German evangelical theologian

Joachim Beckmann (18 July 1901 – 18 January 1987) was a German evangelical theologian. He served between 1958 and 1971 as "Präses" (synod president) of the Evangelical Church in the Rhineland.

== Life ==
Joachim Wilhelm Beckmann was born into a conservative traditionalist family in Eickel, a small town in the heart of the rapidly industrialising Ruhr conurbation, within which Eickel is positioned between Essen and Dortmund. His father, Julius August Wilhelm Beckmann, was a Protestant pastor. Sources are largely silent about his childhood, but in 1920, when he passed his Abitur (school final exams) he was a pupil at the Gymnasium (secondary school) at nearby Wattenscheid. Early in 1920 he enrolled at the Philipps University of Marburg to study Protestant Theology and Philosophy. His teachers at Marburg included
Rudolf Otto, Nicolai Hartmann and Adolf Jülicher. After only a few months, however, he switched to the Eberhard Karl University of Tübingen. Here he was taught by Karl Heim and Adolf Schlatter. A year later, in Autumn/Fall 1921, he switched again, this time to University of Münster, emerging in 1923 or 1924 with a doctorate on a theological topic. (Note: The title of Beckmann's PhD dissertation was "Über den Begriff der religiösen Erfahrung bei Stange".) At
Münster his principal focus was on Kantianism and Neo-Kantianism.
His theological approach, as disclosed by his doctoral dissertation, was very much formed by the ideas of Karl Barth. At each of the three universities he attended prior to receiving his doctorate, he joined the "Wingolf" Christian student fraternity, retaining his membership long after he had left university, till 1938. In 1924 he passed his level 1 Theology exam with the Protestant consistory for the Westphalia province of the "Old Prussian Union of Evangelical Churches" at the province's Münster central office. Passing the exam meant that he was now authorised to conduct church services.
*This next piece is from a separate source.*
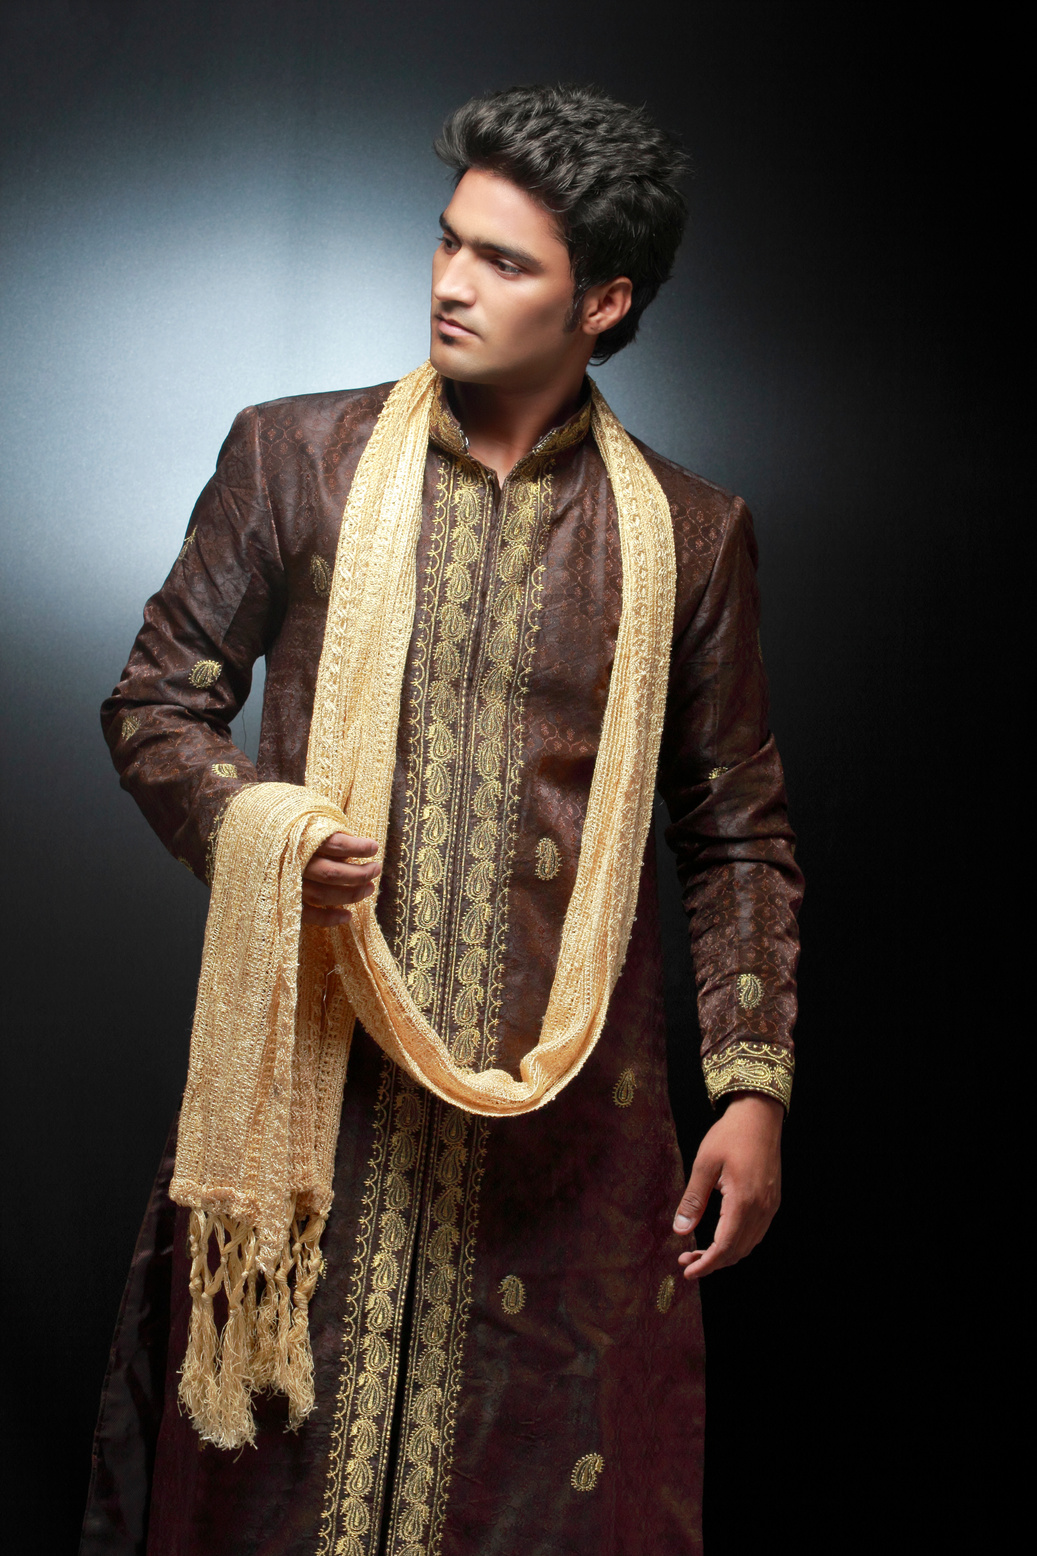 Man in Traditional Indian Clothing

During the summer of 1924 Beckmann transferred to Göttingen, where he became "Inspector of the Protestant College" ("Inspektor des reformierten Studienhauses") and, during 1924/25, completed his "Vikariat" (formal ministerial traineeship). Joachim Beckmann had been a huge admirer of the written work of Karl Barth since the start of the decade. Barth had accepted an honorary professorship from the university in 1921. By moving to Göttingen, Beckmann was able to become a pupil of the man who became, for him, something of a theological mentor. In 1925 he received a doctorate of theology, this time on Calvin's approach to the Sacrament and how it related to the Augustinian tradition. (Note: "Vom Sakrament bei Calvin – Die Sakramentslehre Calvins in ihren Beziehungen zu Augustin") Despite being held in wide regard among colleagues, and notwithstanding his teaching work at the university, Karl Barth never received an "ordinary" full professorship at Göttingen, possibly on account of his Swiss provenance, and was accordingly not authorised to supervise doctorates there. Beckmann's doctoral dissertation was supervised by Emanuel Hirsch. In August 1925 he started working in Berlin as an assistant with Reinhold Seeberg at the National Committee for the Domestic Mission of the German Evangelical Churches ("Central-Ausschuss für die Innere Mission der Deutschen Evangelischen Kirche").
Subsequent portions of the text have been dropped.